SMEs unclear on inheritance tax relief

SMEs unclear on inheritance tax relief

SME leaders face renewed succession questions after inheritance tax changes. Flagstone research suggests many owners do not know whether their business qualifies for valuable Business Relief protections.


Only 14% of SME leaders whose businesses were modelled as fully eligible for Business Relief correctly identified that they qualified, according to new research highlighting widespread confusion around inheritance tax succession planning.

The research from savings platform Flagstone surveyed 500 SME owners, company directors, and C-level executives to assess their understanding of Business Relief and the rule changes introduced in April 2026.

Business Relief allows qualifying business assets to be passed on with reduced or no inheritance tax liability. From April 2026, 100% relief is capped at £2.5m for qualifying business or agricultural property. Assets above that threshold may qualify for 50% relief, meaning heirs may face inheritance tax on value above the cap.

Flagstone’s findings suggest that many SME leaders do not have a clear view of whether their company qualifies. Among the 327 SMEs modelled as fully eligible for Business Relief, only 14% correctly identified that their business qualified. A further 44% of respondents said they did not know whether their business qualified at all.

Uncertainty also runs through the qualifying criteria. When asked which criteria typically qualify a business for Business Relief, 42% of respondents said they did not know. The most common misconception was that family-run businesses automatically qualify, selected by 21% of respondents. In practice, ownership structure alone does not determine eligibility. Qualification depends on how the business trades and the nature of its assets.

Katie Horne, savings expert at Flagstone, said: “Business Relief is one of the most valuable Inheritance Tax protections for business owners, yet our research shows many SMEs are unsure whether they qualify or may be working from assumptions that don’t reflect the latest rules.

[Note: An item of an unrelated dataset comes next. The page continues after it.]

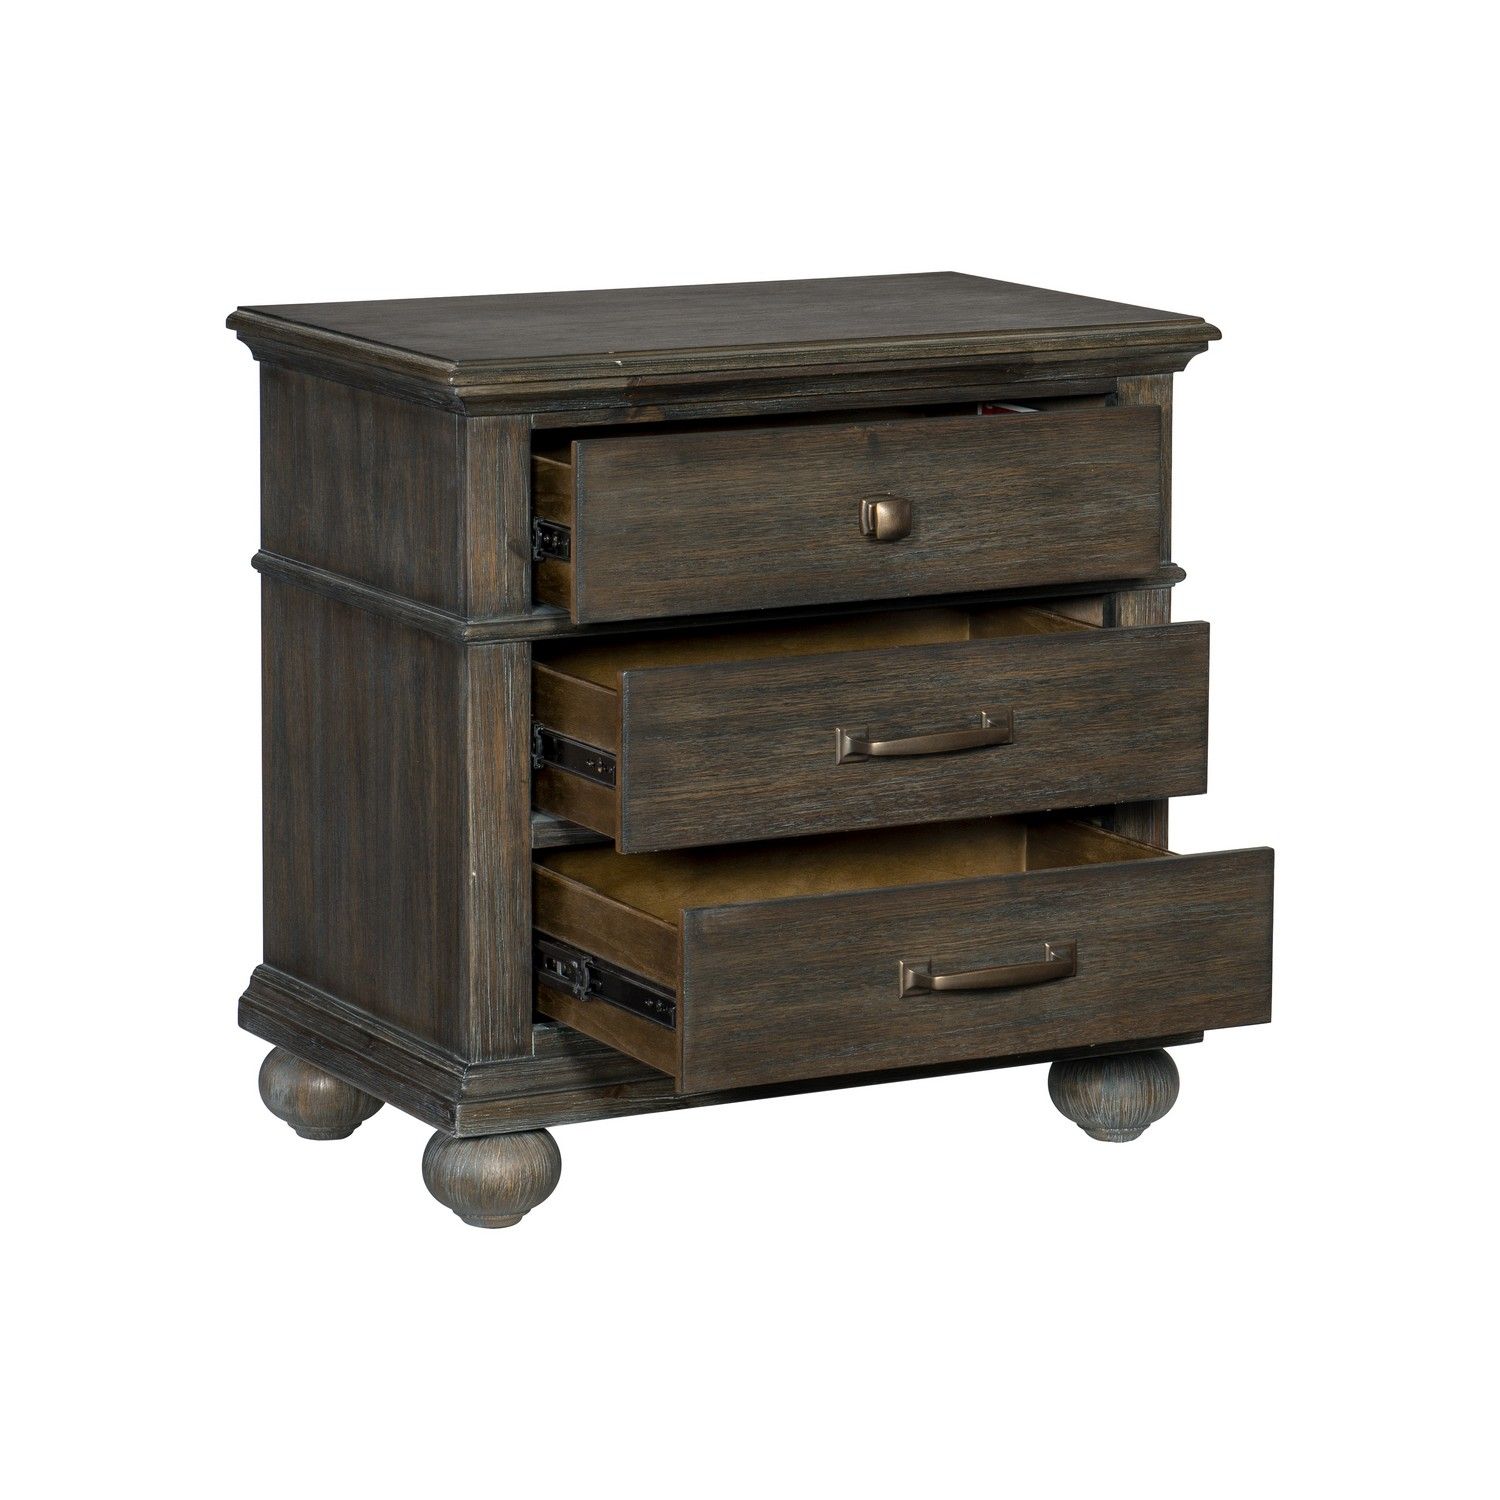 Homelegance Motsinger Night Stand - Wire-brushed Rustic Brown

“Family businesses may want to review their succession plans, as under the new Inheritance Tax rules heirs could face unexpected tax burdens.

“Tools like an Inheritance Tax calculator, alongside guidance from a financial adviser, can help SME leaders better understand potential liabilities and plan ahead.”

The survey exposed several specific misunderstandings. Eleven per cent of respondents believed any business owned for more than two years automatically qualifies for Business Relief. While the two-year ownership requirement is necessary, the business must also be a trading business. Ten per cent believed business assets worth more than £2.5m still receive full relief, while 8% believed investment holding companies qualify and 7% believed property letting businesses qualify. Investment businesses and property letting businesses are excluded from Business Relief.

The consequences can be substantial because succession planning often requires long lead times. Decisions about ownership transfer, share structures, trusts, gifts, and family governance cannot be made effectively if leaders misunderstand the tax exposure attached to passing on a business.

Family-owned companies may be especially exposed where most wealth is tied up in trading shares rather than liquid assets. If heirs face an unexpected inheritance tax liability, they may need to draw funds from the business, sell shares, borrow, or restructure ownership at a difficult moment. In some cases, tax uncertainty can affect investment decisions before succession takes place.

The findings also expose a wider governance weakness inside many owner-managed companies. Trading performance, cash flow, recruitment, customer growth, and day-to-day operations often absorb management attention, while succession planning remains informal. That leaves companies vulnerable when tax rules change or when leadership transitions arrive suddenly through illness, death, retirement, or family disagreement.

Financial advisers, accountants, and lawyers are likely to see increased demand as business owners reassess their position under the new regime. Awareness remains uneven, however. Some leaders may be relying on assumptions formed under old rules, while others may be unaware that they qualify for relief that could materially reduce succession risk.

The new inheritance tax environment does not remove Business Relief, but it makes planning more complex for businesses above the threshold. SME leaders now need clarity on whether the business qualifies, which assets are included, what value may fall above the cap, and how succession plans would operate under current rules. Without that work, families may make ownership decisions without understanding the tax exposure created by the transfer.